NEW YORK: Morgan Stanley sold a US$3.75bn five-year bullet senior bond on Monday, surprising market participants who had grown accustomed to banks including call options in recent senior deals.

The deal went well, attracting US$6bn of investor orders and pricing with a new issue premium of around 5bp.

Morgan Stanley issued a US$2.5bn 7-year non-call six senior floating rate deal in October, contributing to a wave of around US$28bn equivalent in similar deals issued since JP Morgan debuted the structure in August.

Morgan Stanley’s decision to stick to a bullet structure for Monday’s fixed-rate deal is likely to have been driven by the difficulty of swapping fixed-rate callable funding back to floating rate, said Wells Fargo analyst James Strecker in a note to clients.

“It is unclear how swapping only to the call date will be treated from a hedge effectiveness perspective,” he wrote.

“It’s possible certain auditors may be raising hedge effectiveness concerns.
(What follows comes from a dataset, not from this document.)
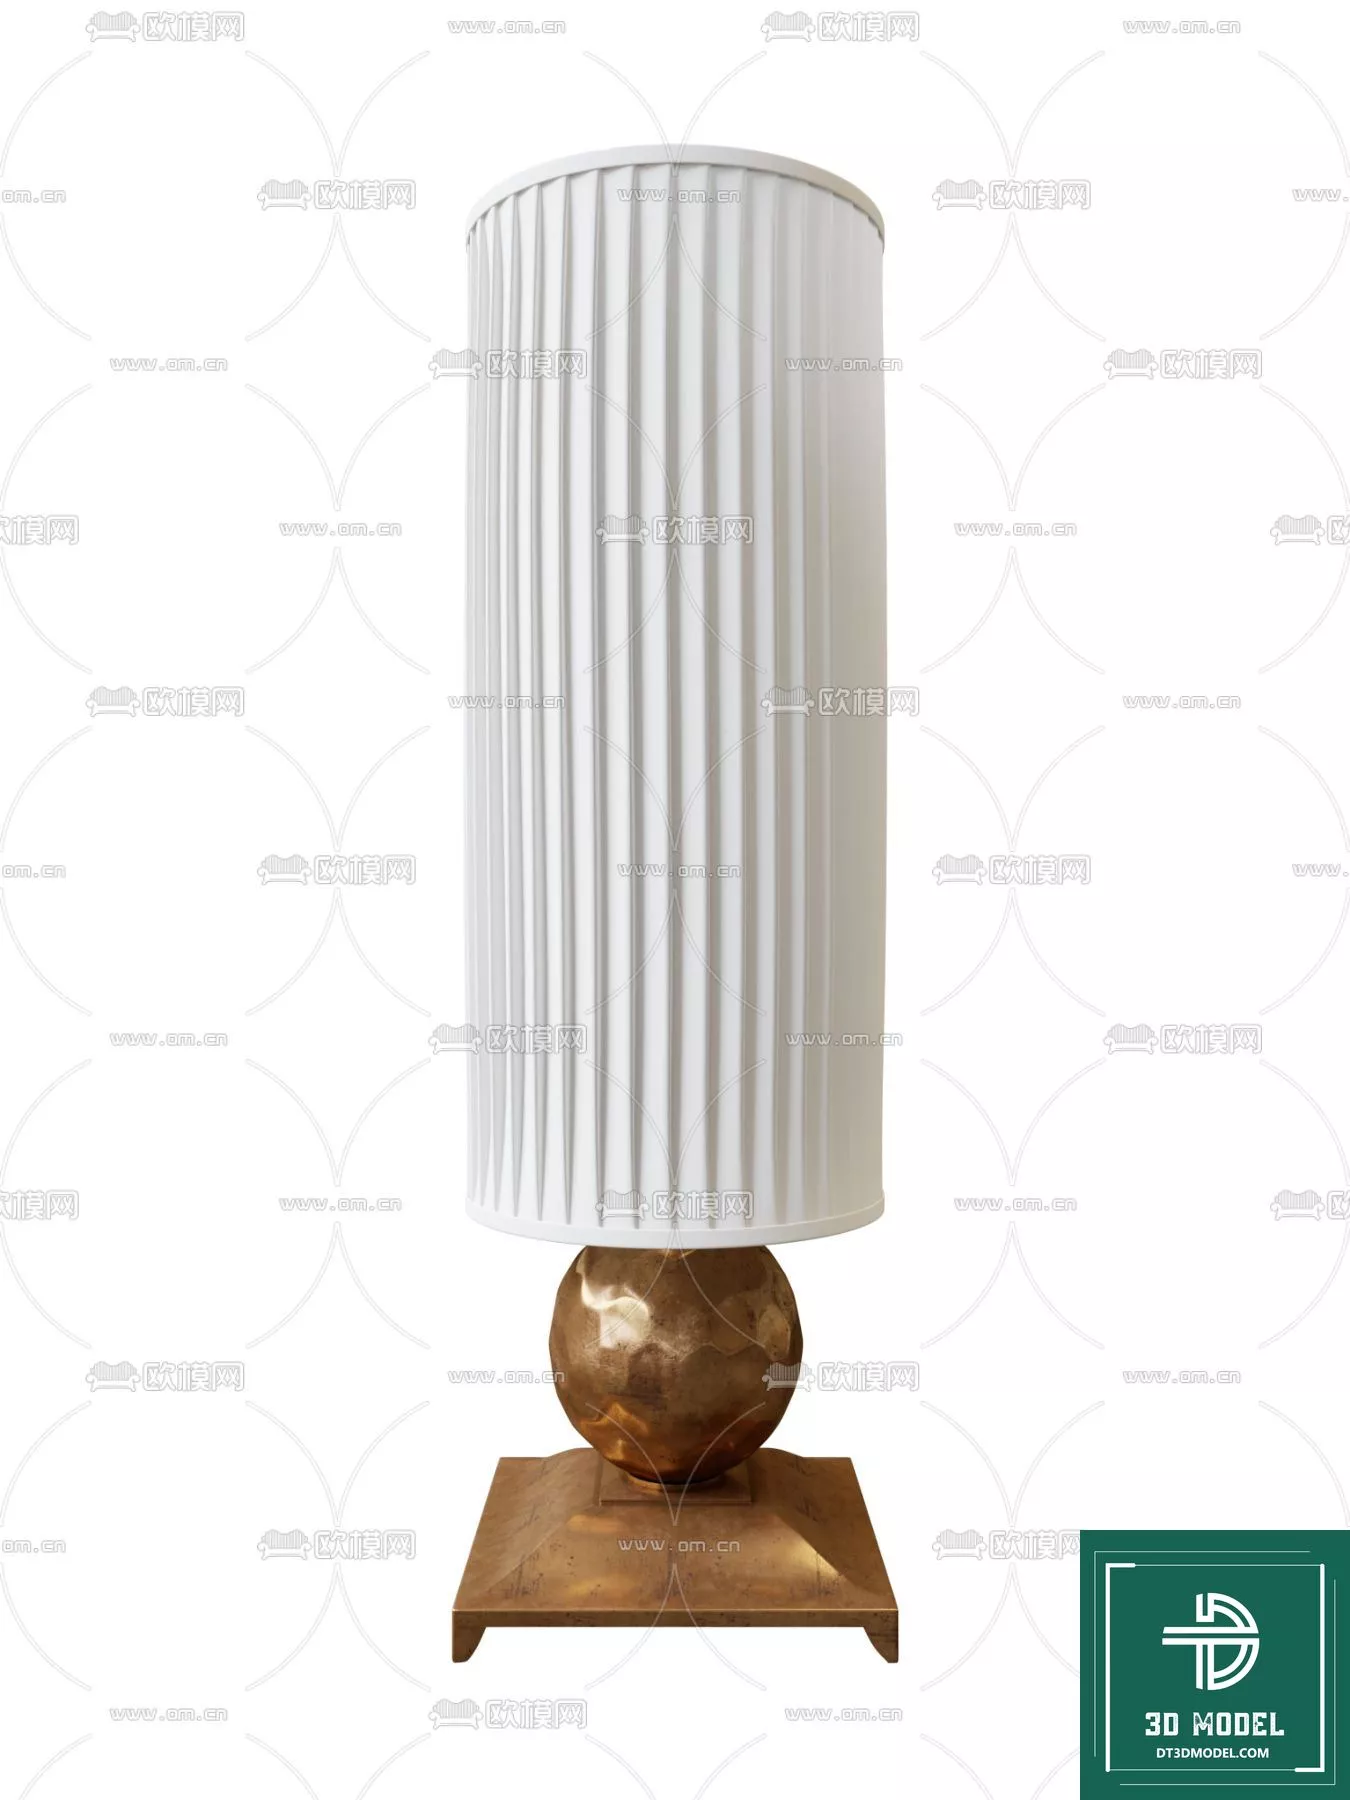 MODERN TABLE LAMP - SKETCHUP 3D MODEL - VRAY OR ENSCAPE - ID14634

PWC is comfortable with fixed rate [TLAC deals] while KPMG and Deloitte do not seem to have gotten there yet.”

PWC audits Bank of America Merrill Lynch, JP Morgan and Goldman Sachs - all of whom have issued fixed rate callable TLAC securities as well as floating, the analyst’s note said.

Morgan Stanley is audited by Deloitte, while Citigroup, Wells Fargo and Bank of New York Mellon are audited by KPMG.

All of those banks have issued callable FRNs but are yet to issue them in fixed rate format.

Lower demand for FRNs of late, and the poor performance of floating rate TLAC callables relative to fixed over recent days may also have been a factor, said others.

“The FRNs are really the dog of the day,” said a FIG banker on Monday. “There was one really big buyer who was half the deals when they were coming and other people piled in.”

“Then there was a little volatility and all the floaters underperformed.”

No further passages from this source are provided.